2020-03-11 16:48:29,321+01 ERROR [org.ovirt.engine.core.vdsbroker.HostDevListByCapsVDSCommand] (EE-ManagedThreadFactory-engine-Thread-25) [26e5e60d] Failed in 'HostDevListByCapsVDS' method, for vds: 'xxx'; host: 'xxx': null
2020-03-11 16:48:29,322+01 ERROR [org.ovirt.engine.core.vdsbroker.HostDevListByCapsVDSCommand] (EE-ManagedThreadFactory-engine-Thread-25) [26e5e60d] Command 'HostDevListByCapsVDSCommand(HostName = xxx, VdsIdAndVdsVDSCommandParametersBase:{hostId='0923631c-48f6-4116-8e7c-0bec35533209', vds='Host[lxxx,0923631c-48f6-4116-8e7c-0bec35533209]'})' execution failed: null
2020-03-11 16:48:29,324+01 ERROR [org.ovirt.engine.core.bll.network.host.RefreshHostCommand] (EE-ManagedThreadFactory-engine-Thread-25) [26e5e60d] Transaction rolled-back for command 'org.ovirt.engine.core.bll.network.host.RefreshHostCommand'.

Because block_path is null.

This leads to a sutation that no Host Devices are known to the Engine and SR-IOV is not usable anymore.

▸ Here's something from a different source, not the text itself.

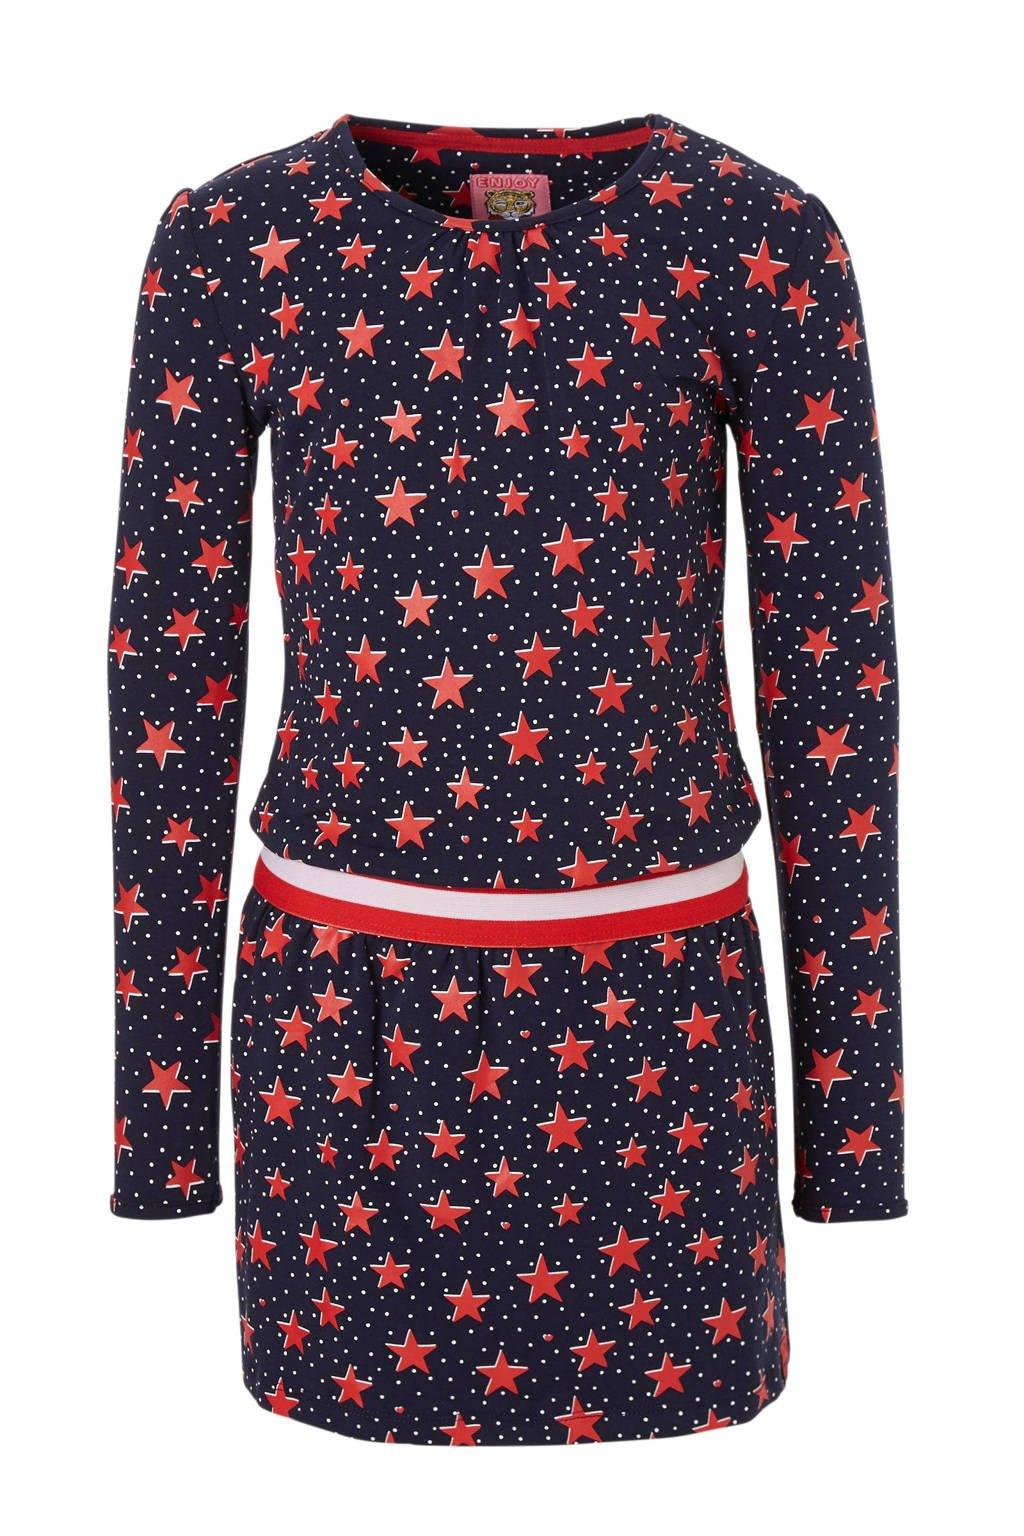 Z8 jurk Fleur met sterren en stippen blauw, Blauw/rood/wit
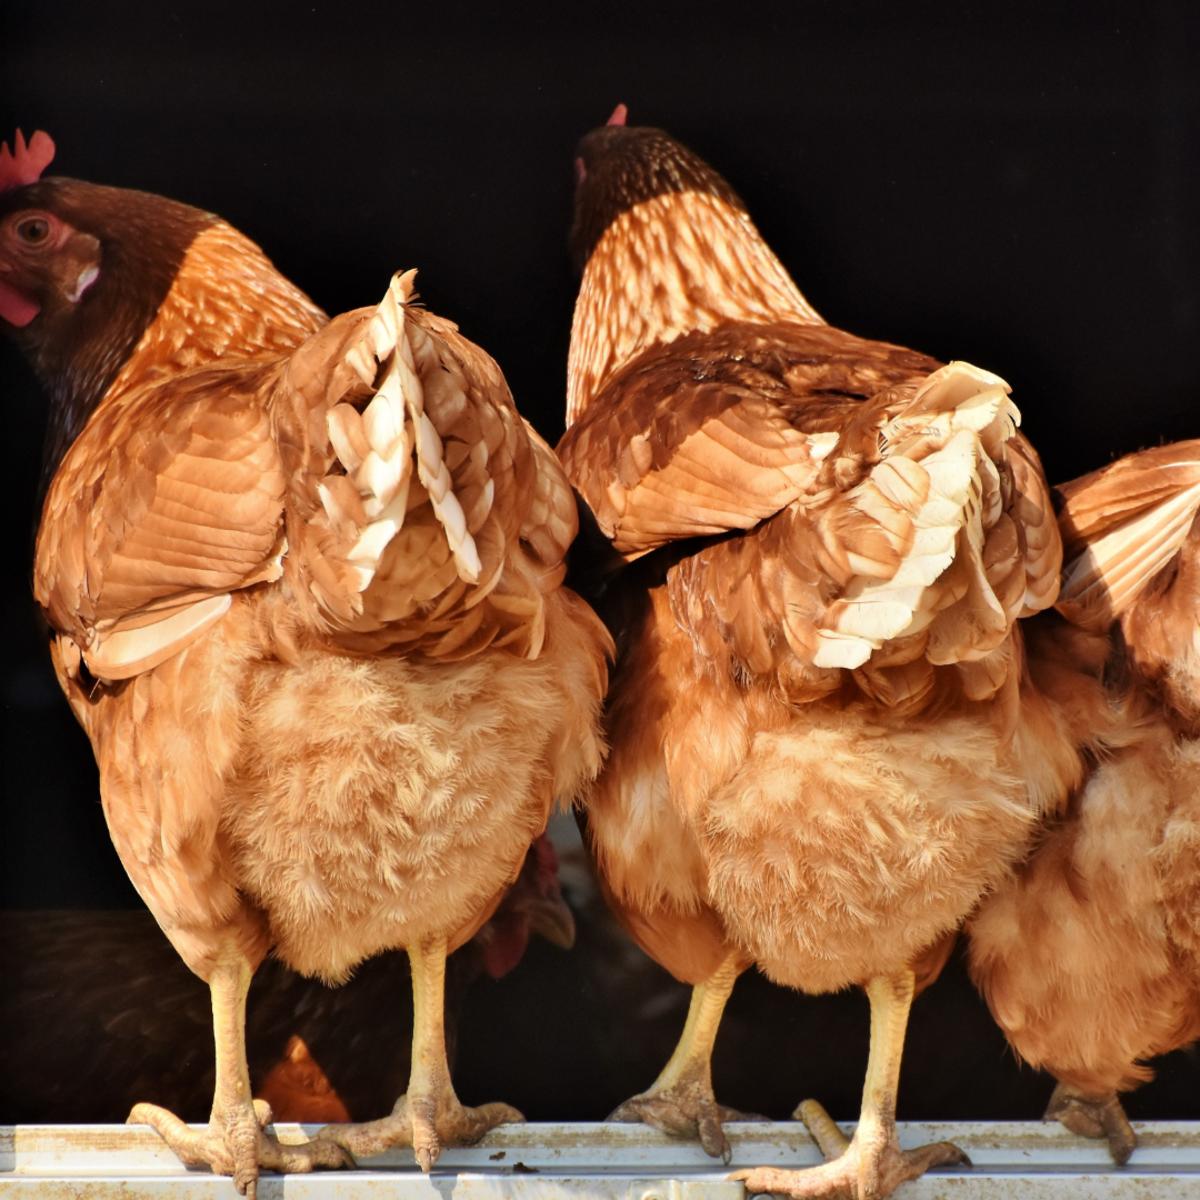 Reintroduce your chicken slowly.

Version-Release number of selected component (if applicable):
vdsm-4.40.5-1.el8ev.x86_64


How reproducible:
100% on a dedicated host


Steps to Reproduce:
1. Refresh Capabilities from Engine


Actual results:
Host Devices are not populated in Engine.

Expected results:
Host Devices are populated in Engine.

Additional info:
Engine code assumes that block_path is not null, if the attribute exists in
https://github.com/oVirt/ovirt-engine/blob/d11f8bb7e50d3720d736c99e457c2723e109dfd9/backend/manager/modules/vdsbroker/src/main/java/org/ovirt/engine/core/vdsbroker/vdsbroker/VdsBrokerObjectsBuilder.java#L2609

The relevant code was introduced in VDSM by https://gerrit.ovirt.org/#/c/106776/ .

Comment 1 Michal Skrivanek 2020-03-11 16:12:18 UTC
the code in https://gerrit.ovirt.org/#/c/106776/5/lib/vdsm/common/hostdev.py should have been added only for scsi block devices, not all the devices (like sr-iov). In such case it shouldn't raise an error and it shouldn't add a None/null value.

should be an easy fix

Comment 2 Milan Zamazal 2020-03-12 11:10:47 UTC
I've fixed a Python 3 issue in Vdsm host device processing yesterday, which was most likely the cause of this issue (it put null as udev_path to all SCSI devices). Can you check whether the current Vdsm master (e.g. https://resources.ovirt.org/pub/ovirt-master-snapshot/rpm/el8/x86_64/vdsm-4.40.5-47.git038f1ef5b.el8.x86_64.rpm) fixes the problem?

Comment 6 Ryan Barry 2020-03-12 13:44:38 UTC
Milan, care to attach the patch?

Comment 7 Milan Zamazal 2020-03-12 13:55:34 UTC
Patch attached and I took the bug.

Comment 8 Sandro Bonazzola 2020-03-20 09:41:35 UTC
$ git tag --contains afa195af73bbde5e3780ea1cbe1ca58e388c9422
v4.40.6
v4.40.7

Moving to QA

Comment 9 Michael Burman 2020-03-22 10:20:11 UTC
Verified on - vdsm-4.40.7-1.el8ev.x86_64

Comment 10 Sandro Bonazzola 2020-05-20 20:02:18 UTC
This bugzilla is included in oVirt 4.4.0 release, published on May 20th 2020.

Since the problem described in this bug report should be
resolved in oVirt 4.4.0 release, it has been closed with a resolution of CURRENT RELEASE.

If the solution does not work for you, please open a new bug report.